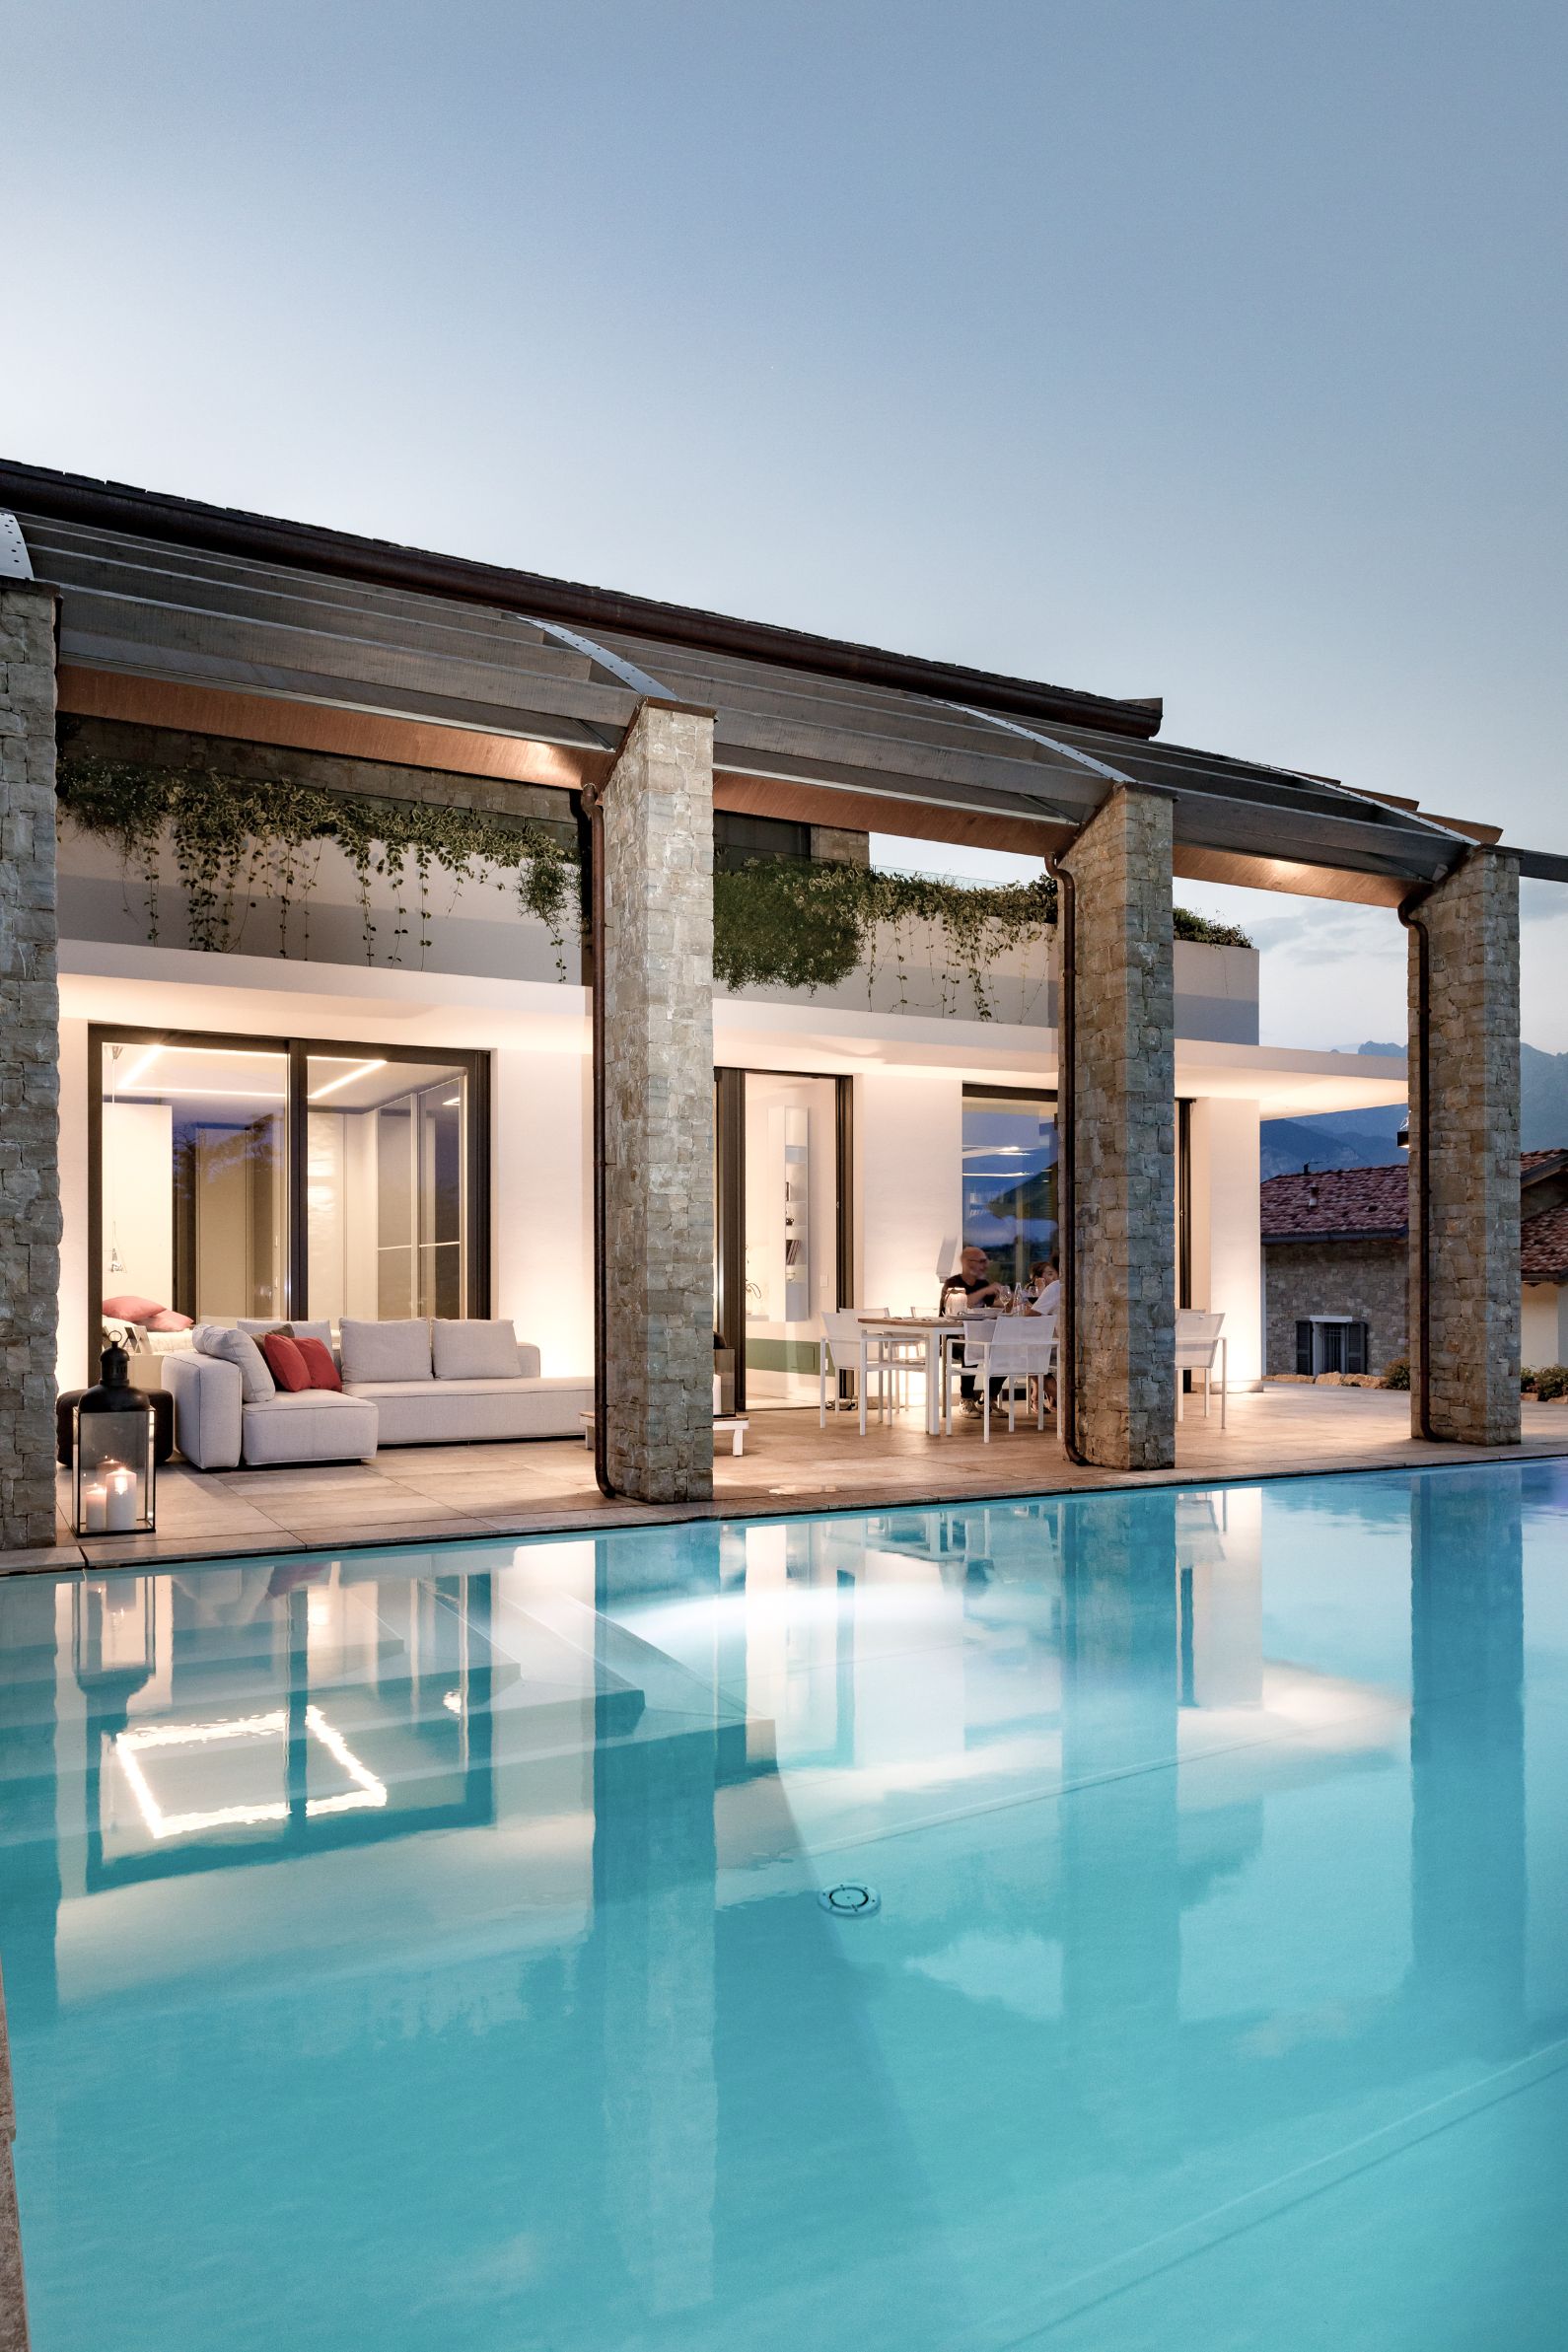 Villa a Merate, Progetto di interni, 200mq

Cliente privato, 2017
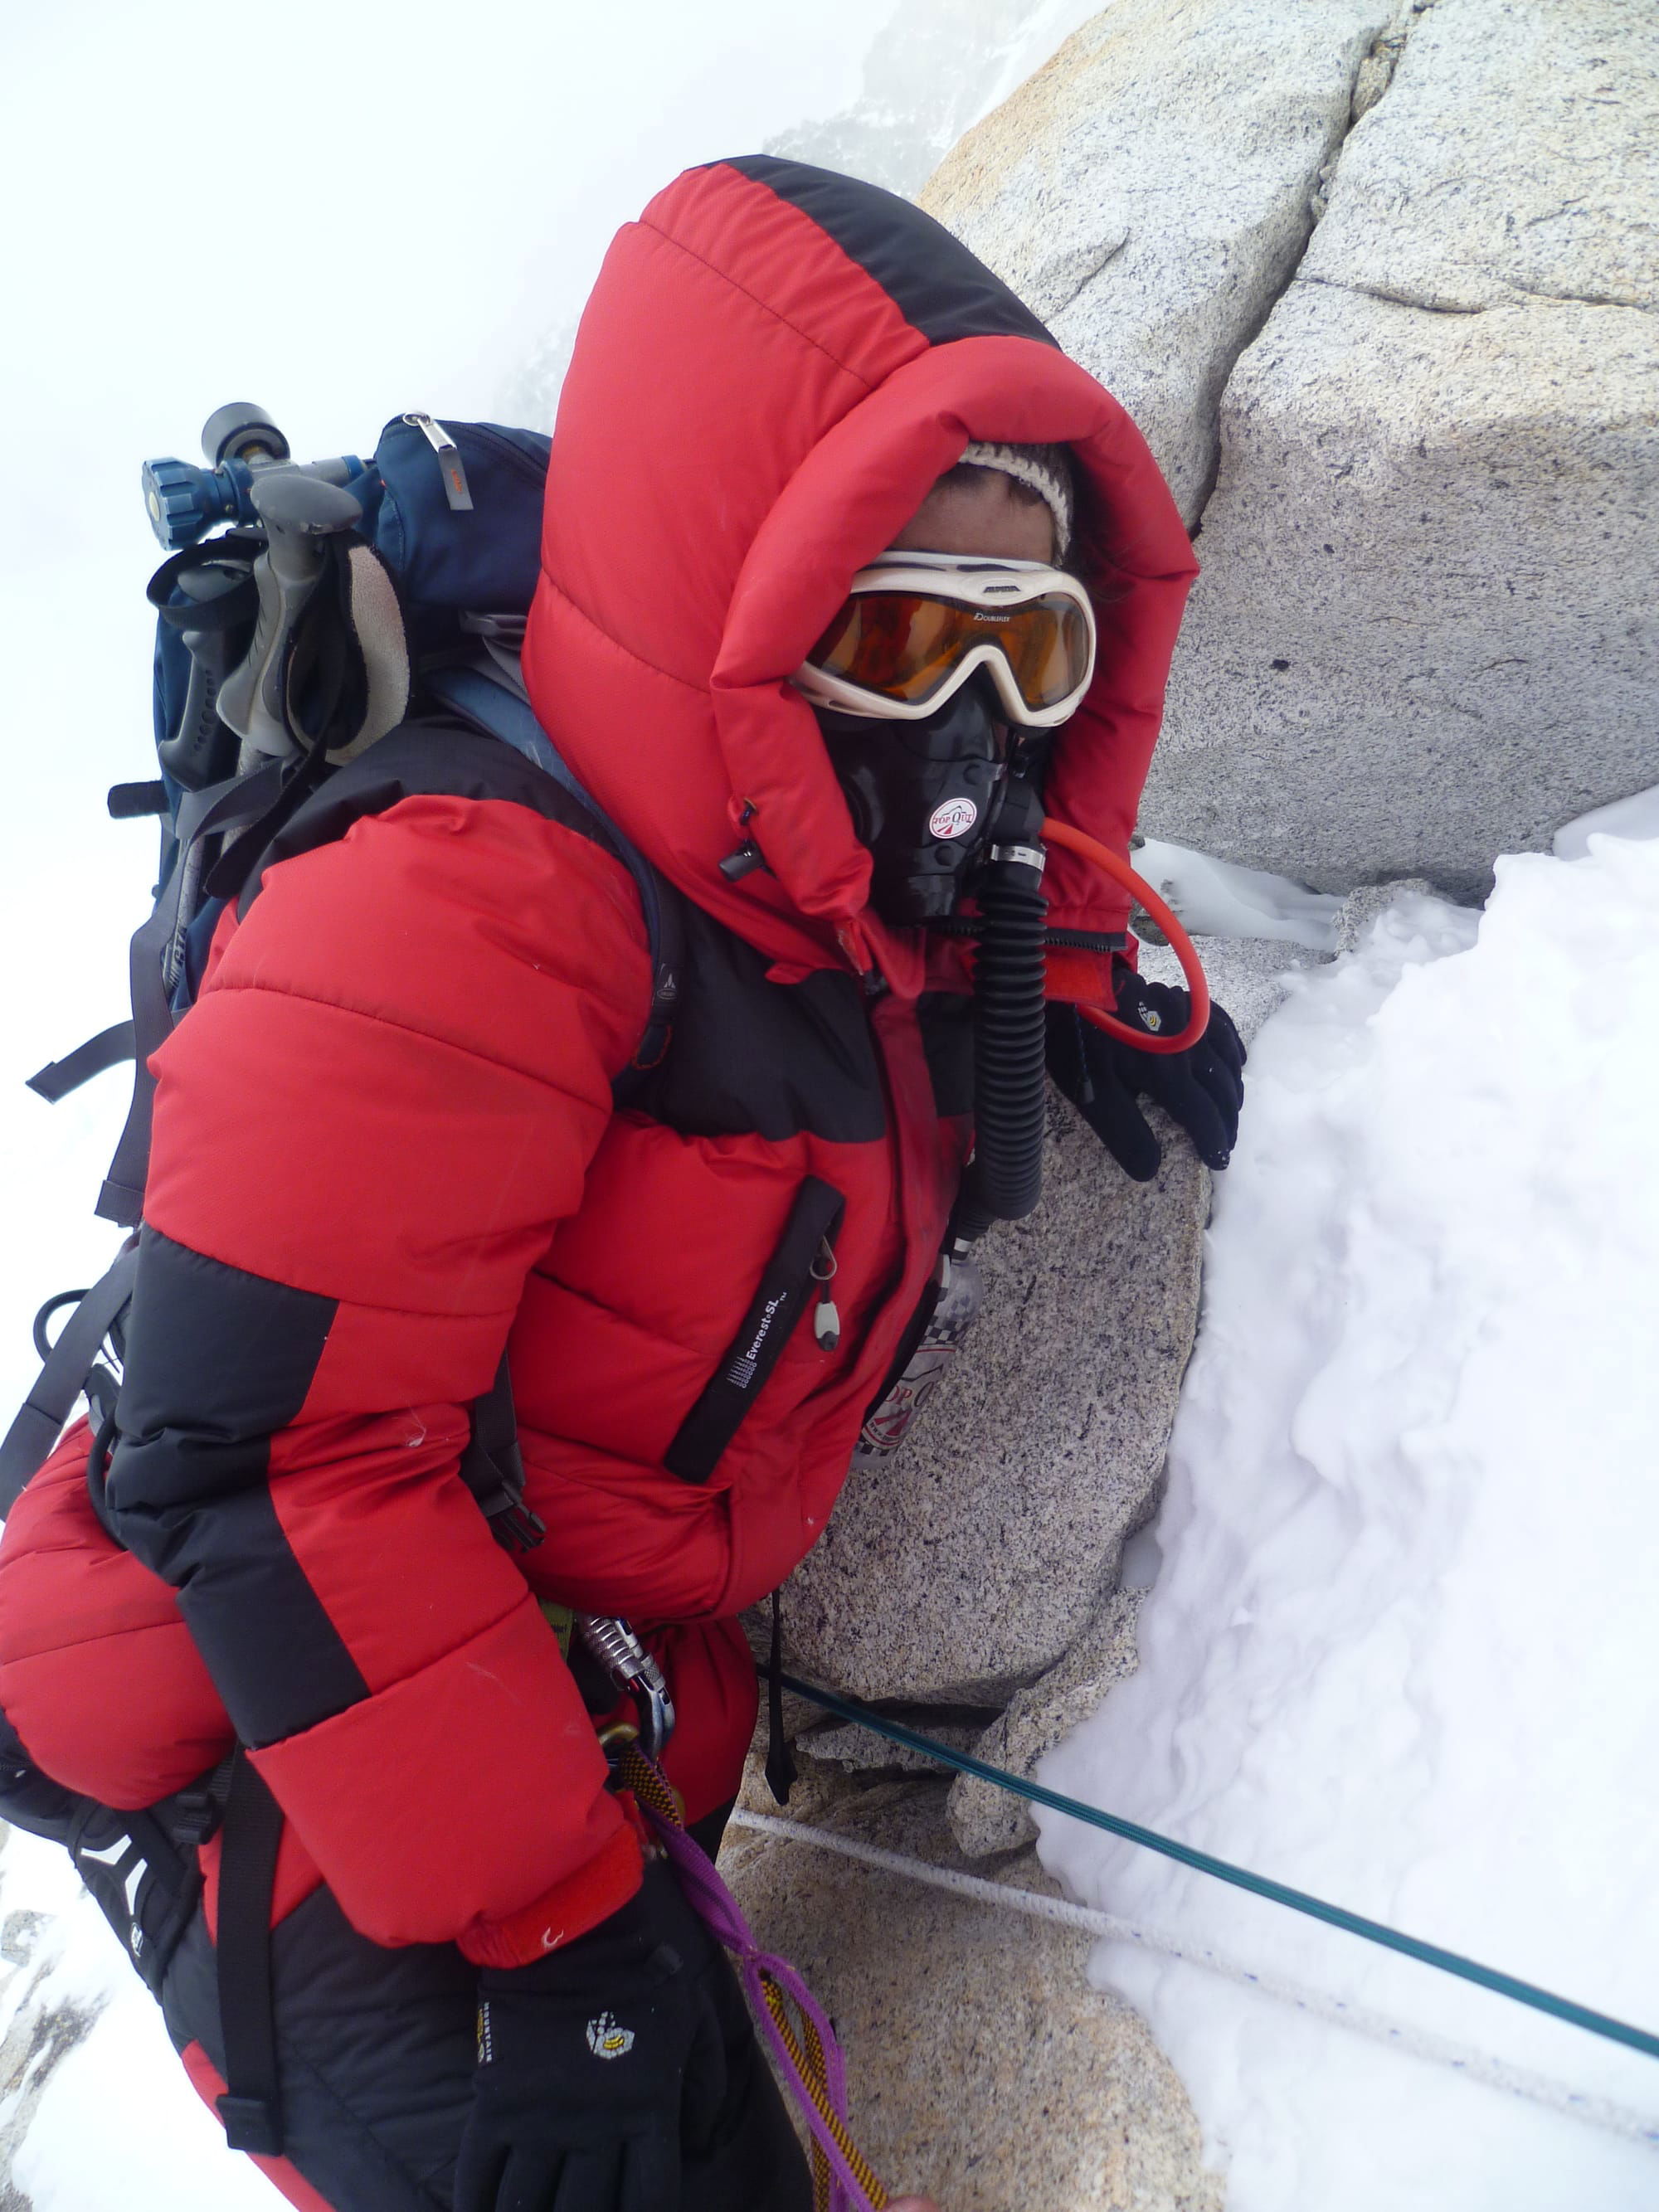 Makalu 8463 climbing expedition- 2011

- Work item
Write out each line of the data exactly; the images should be left out.

- Answer section
 Villa a Merate, Progetto di interni, 200mq

Cliente privato, 2017
 Makalu 8463 climbing expedition- 2011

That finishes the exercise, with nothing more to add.